Supplied data –
▶

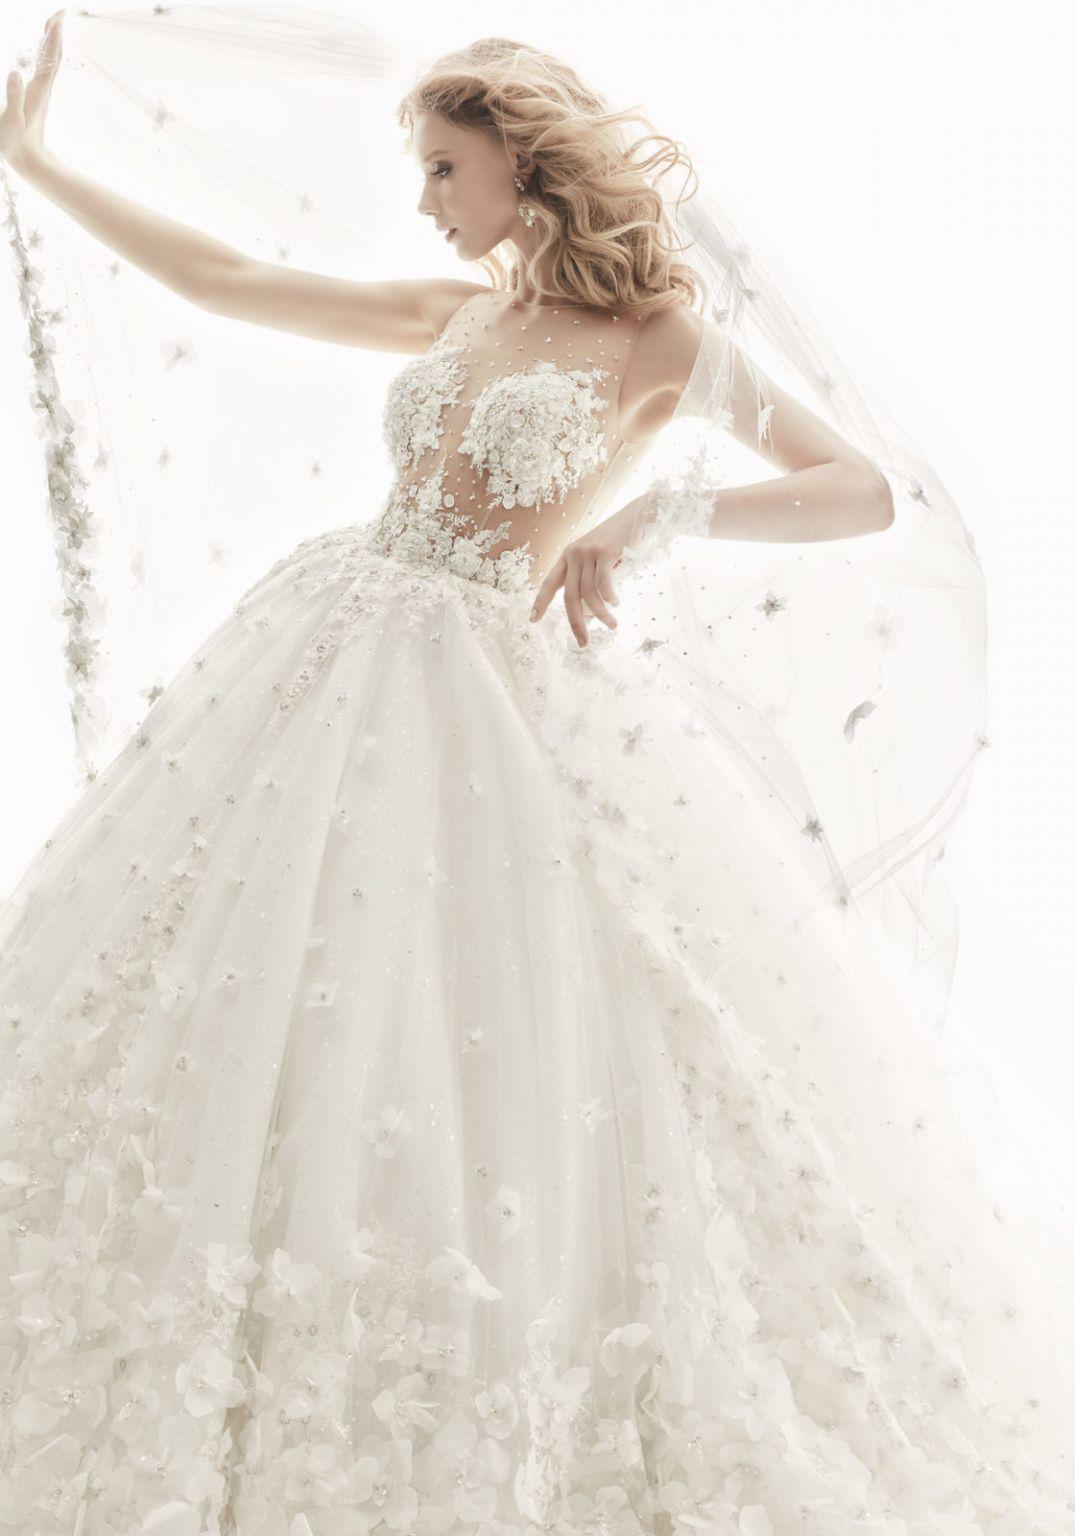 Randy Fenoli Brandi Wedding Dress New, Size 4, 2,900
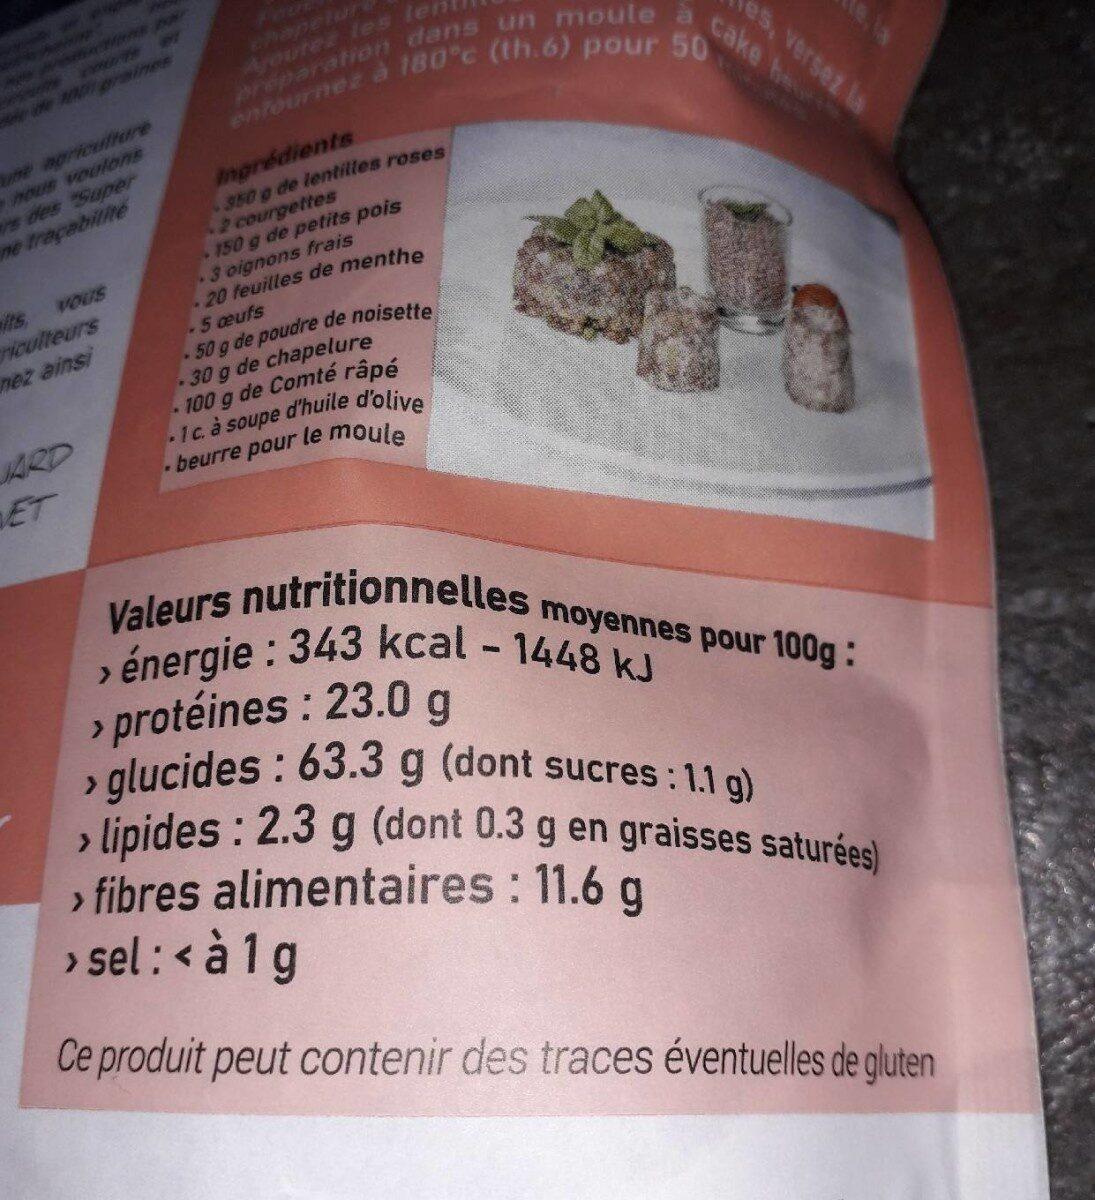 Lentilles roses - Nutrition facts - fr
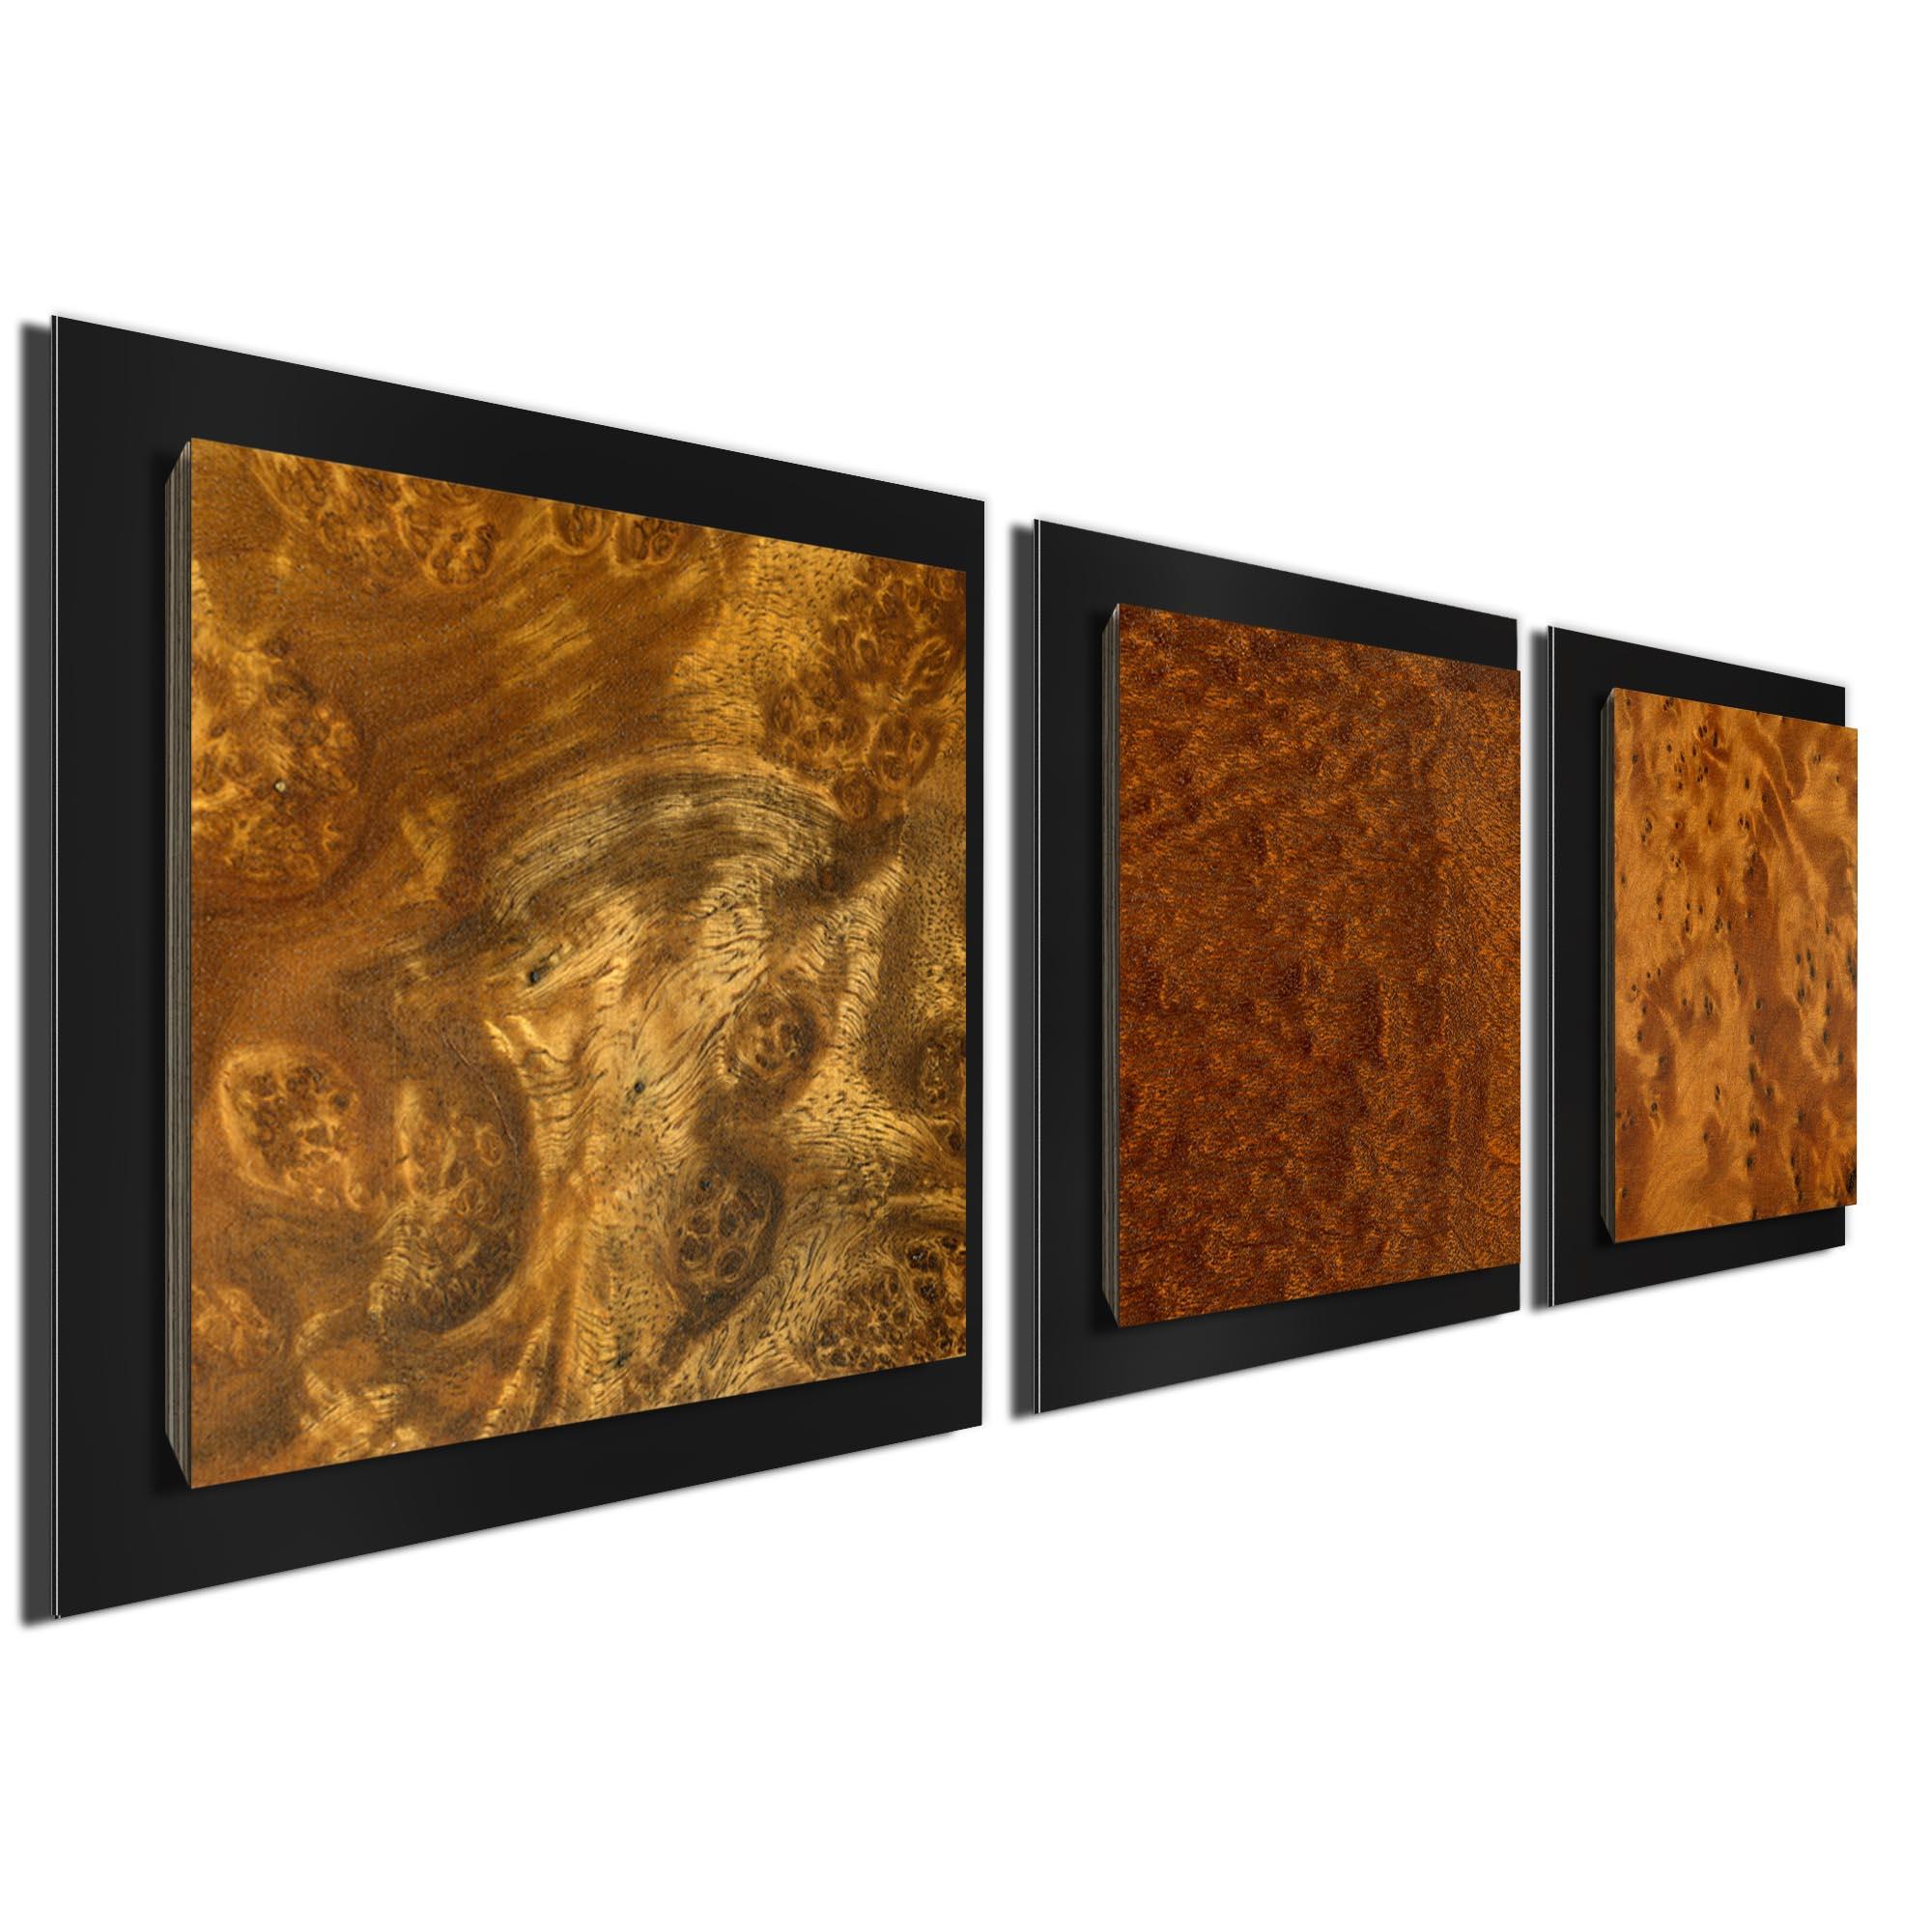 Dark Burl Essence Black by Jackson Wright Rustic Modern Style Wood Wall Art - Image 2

◀

What you have to do – Copy out the listing exactly as it stands, but not the pictures.

Solution to the problem –
 Randy Fenoli Brandi Wedding Dress New, Size 4, 2,900
 Lentilles roses - Nutrition facts - fr
 Dark Burl Essence Black by Jackson Wright Rustic Modern Style Wood Wall Art - Image 2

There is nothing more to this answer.